▶ [ABOUT THIS EXERCISE]: Leave the images aside and repeat the whole listing exactly.

▶ [DATA SHOWN]:
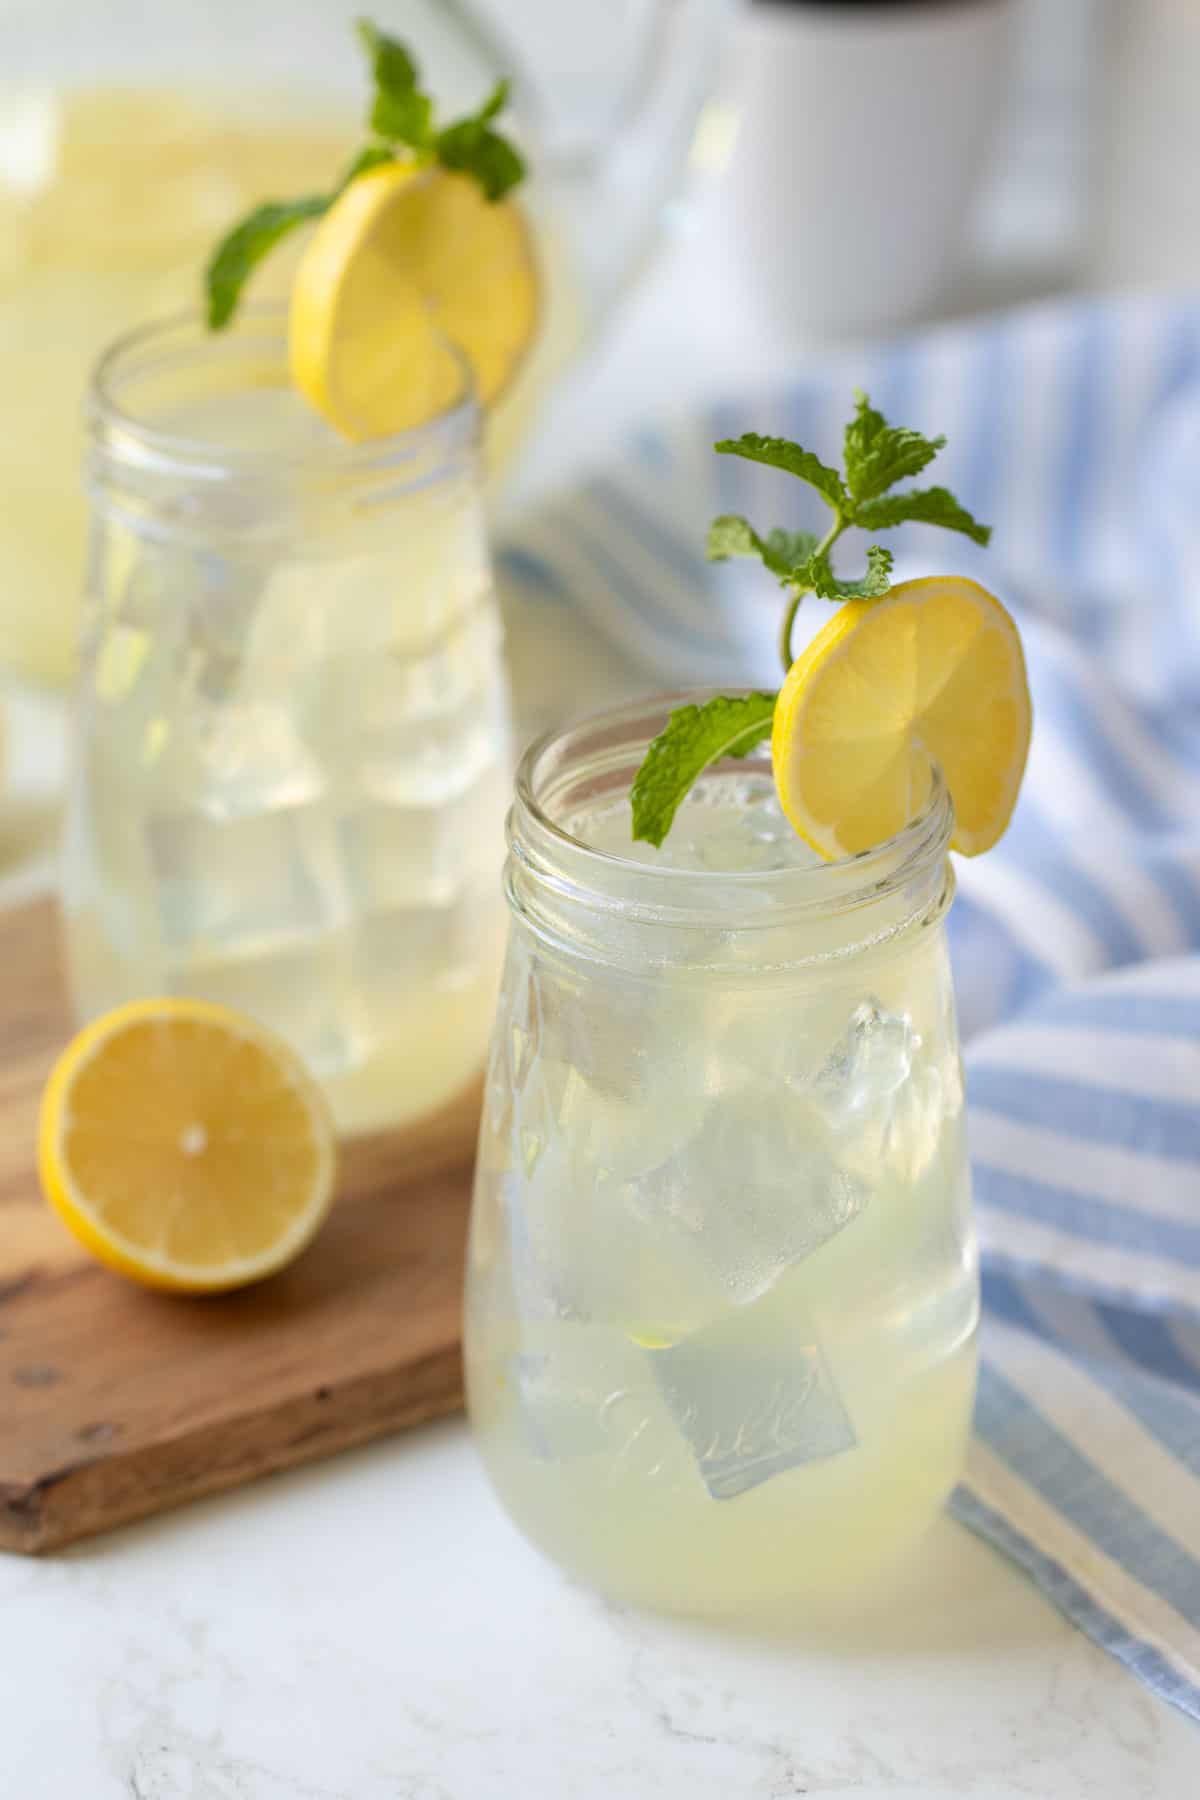 Two Mason jars of homemade lemonade garnished with a lemon wheel and mint sprig.
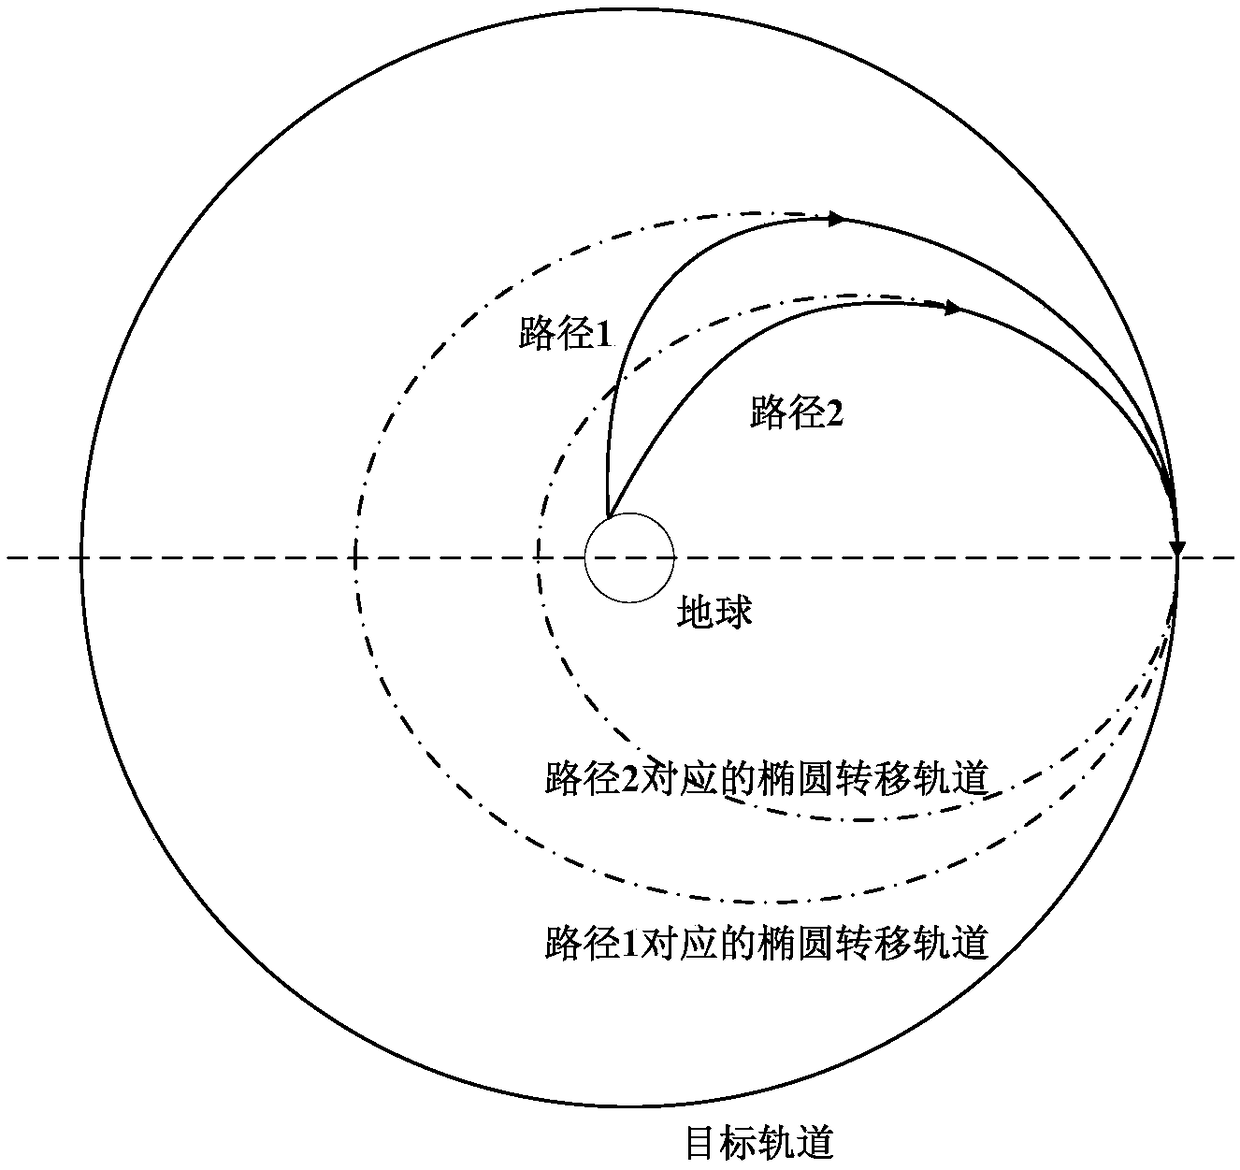 Orbit-injection-type trajectory design method of solid rocket based on elliptical transfer orbit
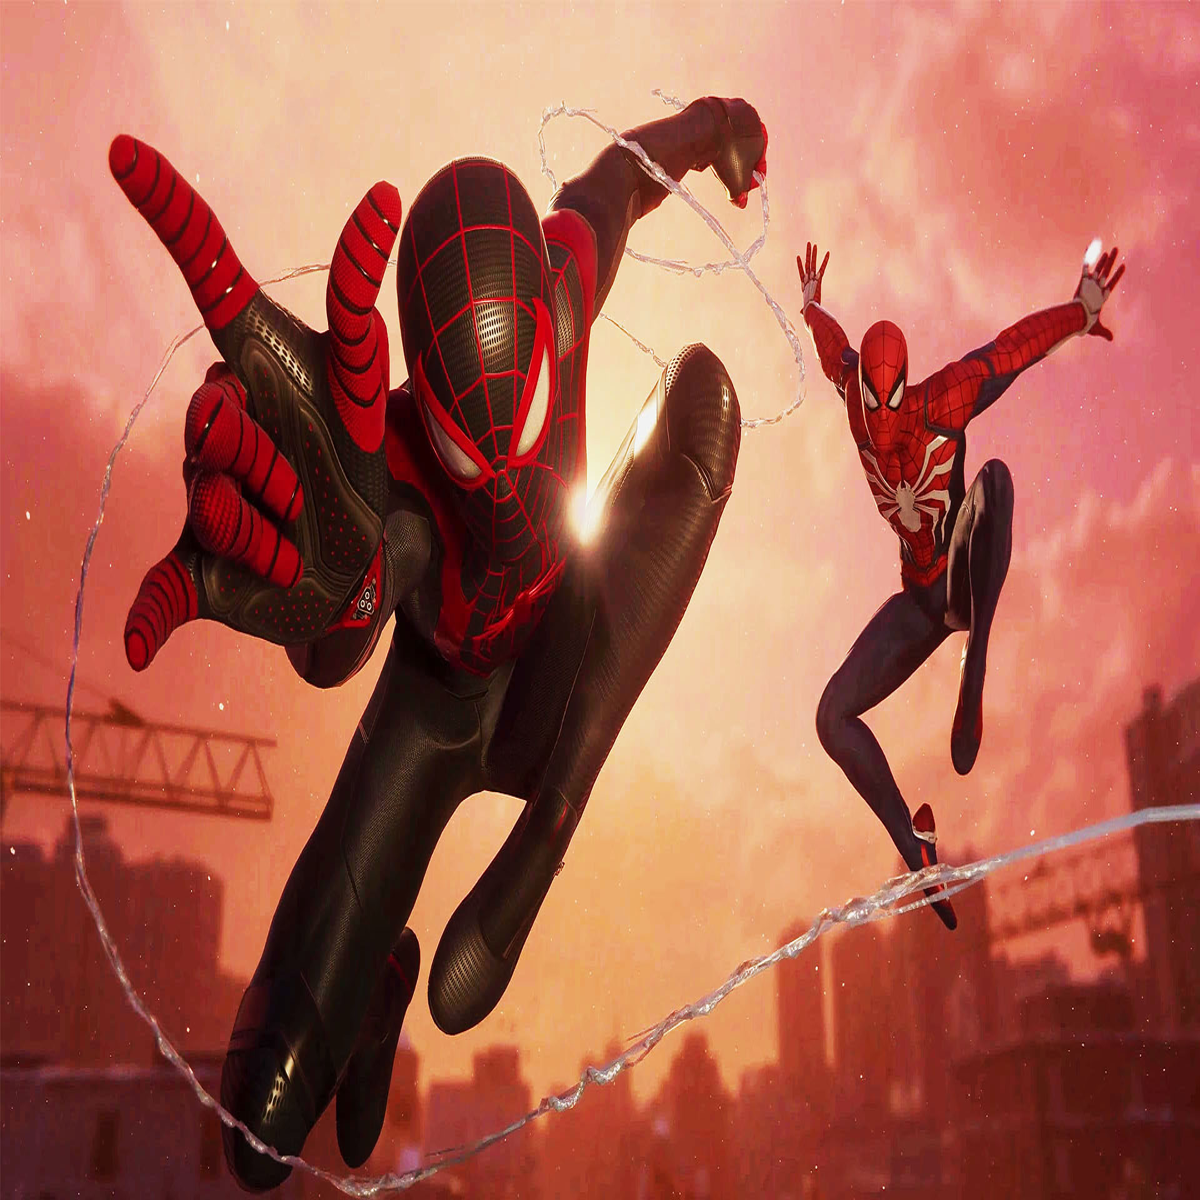 Spider-Man 2 - Gameplay Walkthrough Part 1 - Peter Parker and Miles Morales  Fight Sandman! 
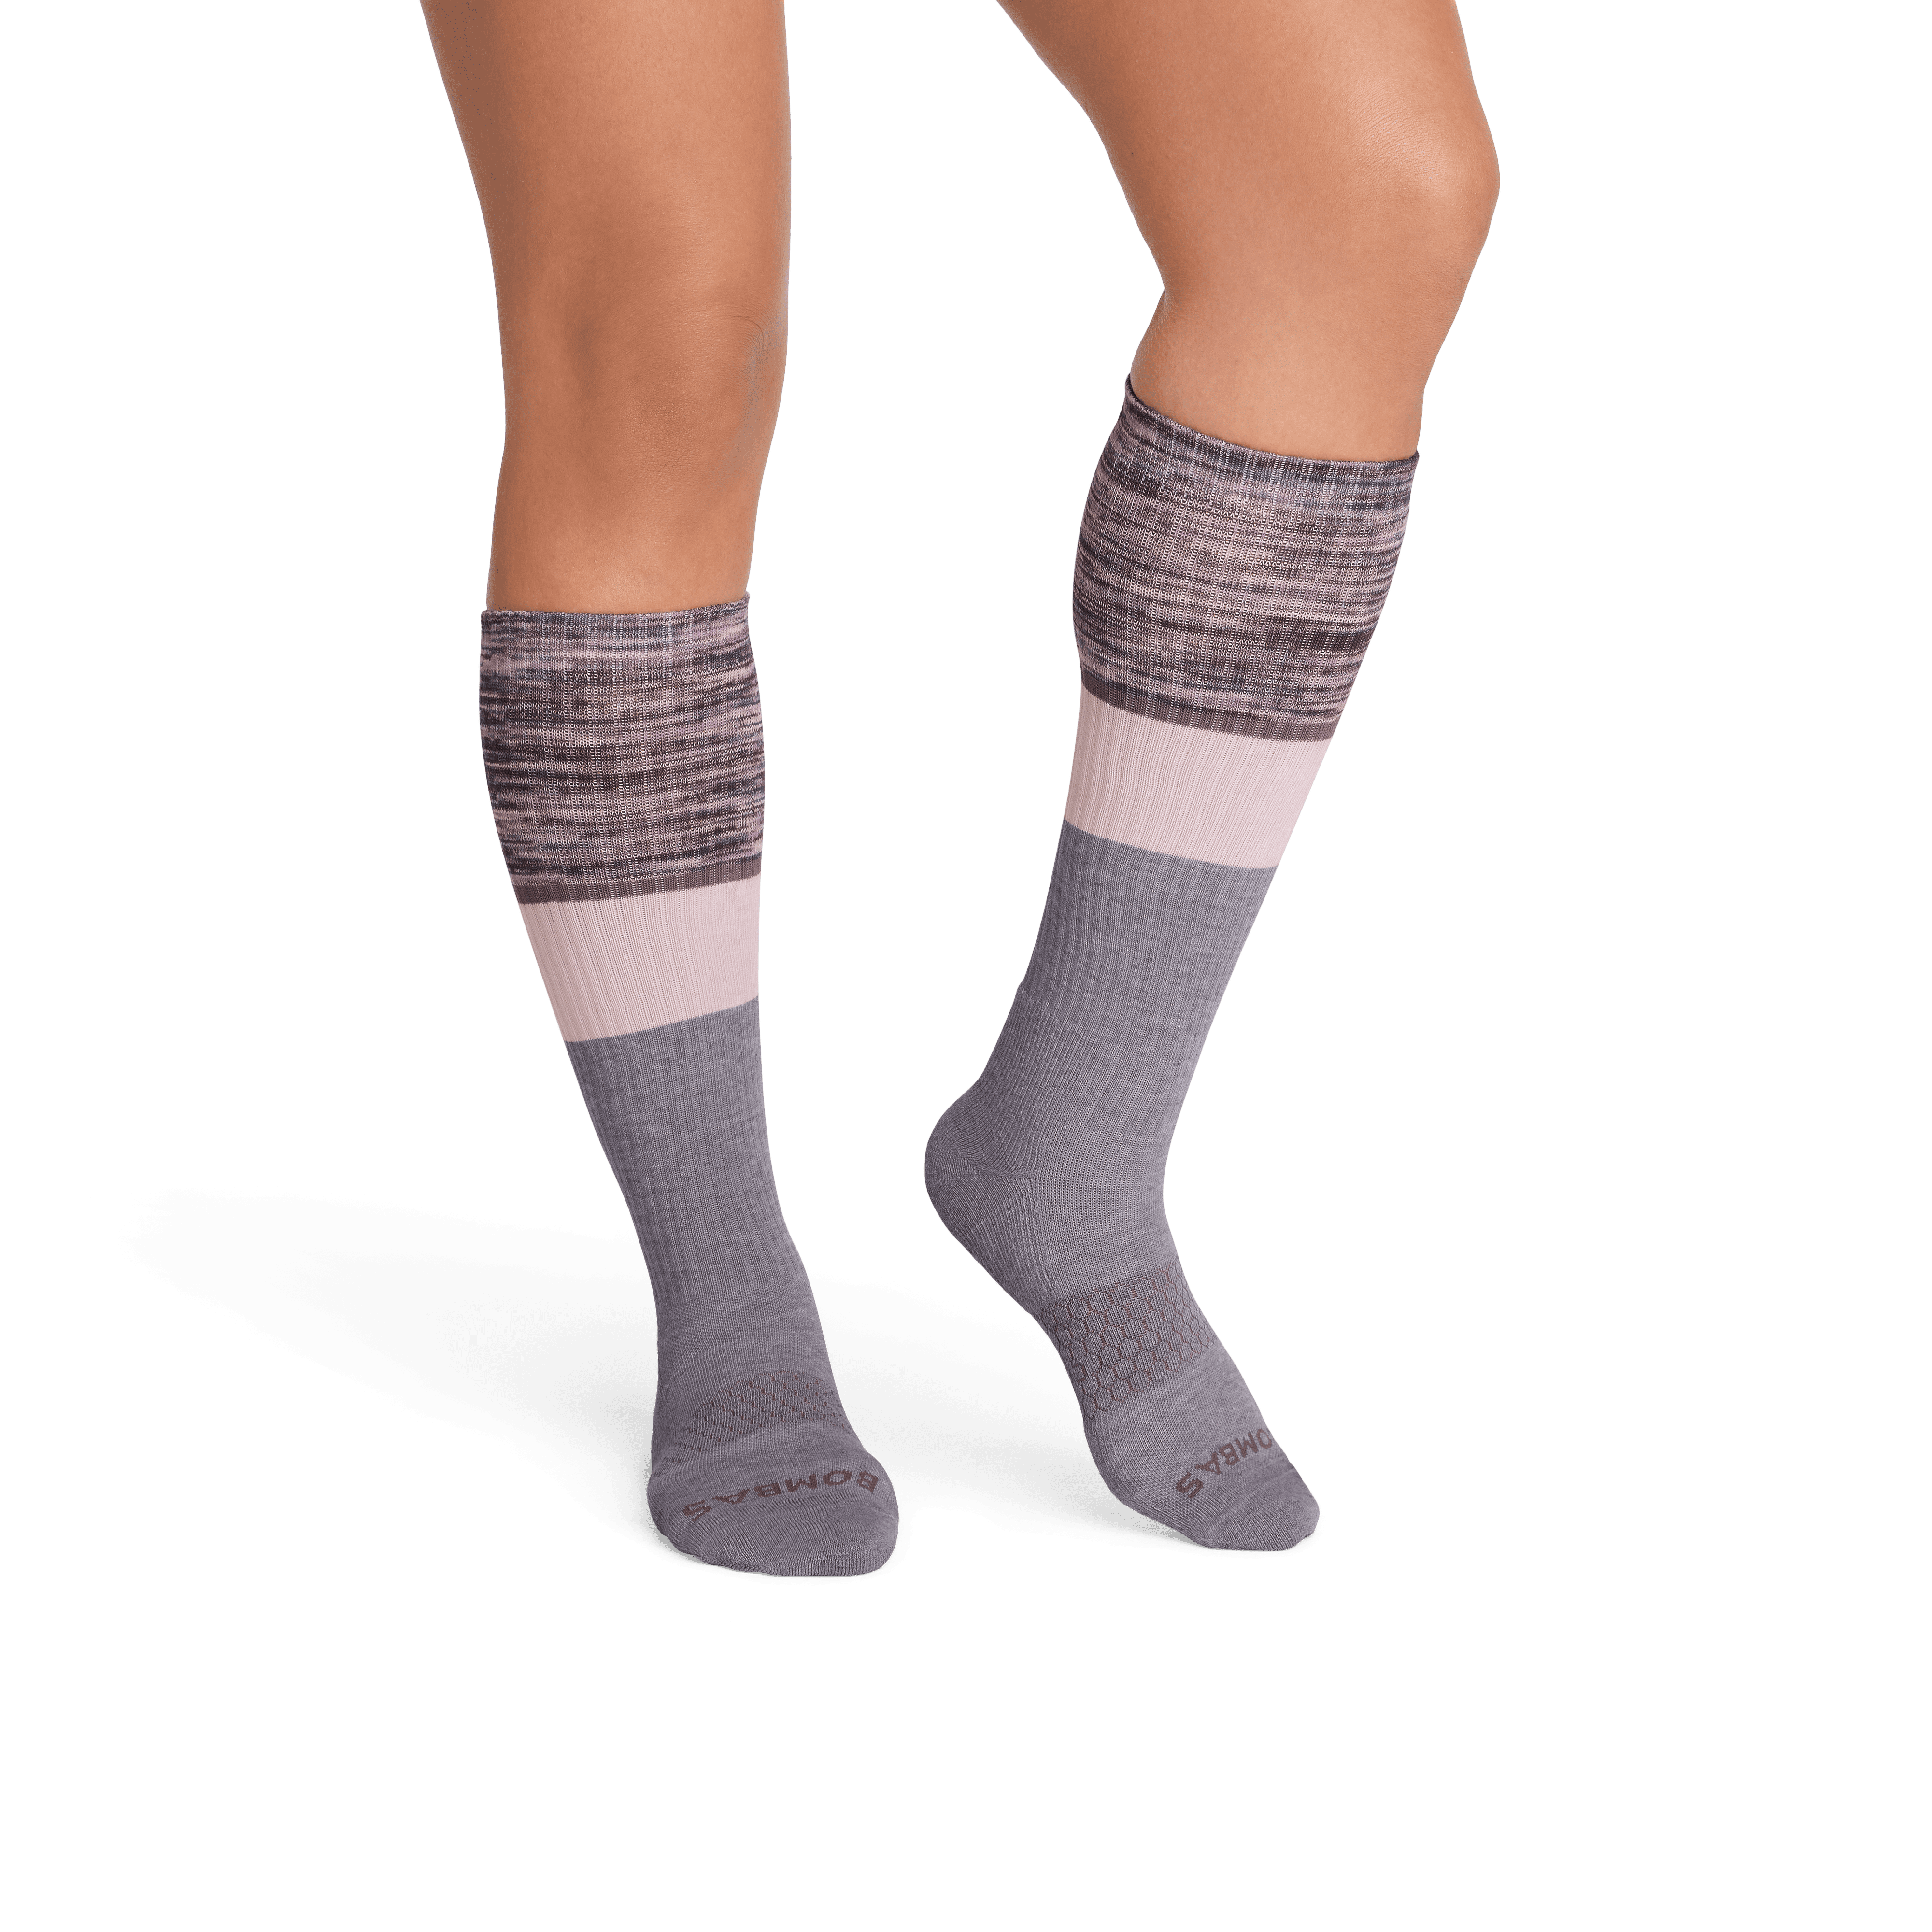 Thigh High Compression Stockings Support 15 20 MmHg Gradient Socks Men  Women Treatment Swelling,Varicose Veins,Edema, Pregnancy From  Clothwelldone, $41.88

▶ [COMPLETED TASK]:
 Two Mason jars of homemade lemonade garnished with a lemon wheel and mint sprig.
 Orbit-injection-type trajectory design method of solid rocket based on elliptical transfer orbit
 Spider-Man 2 - Gameplay Walkthrough Part 1 - Peter Parker and Miles Morales  Fight Sandman! 
 Thigh High Compression Stockings Support 15 20 MmHg Gradient Socks Men  Women Treatment Swelling,Varicose Veins,Edema, Pregnancy From  Clothwelldone, $41.88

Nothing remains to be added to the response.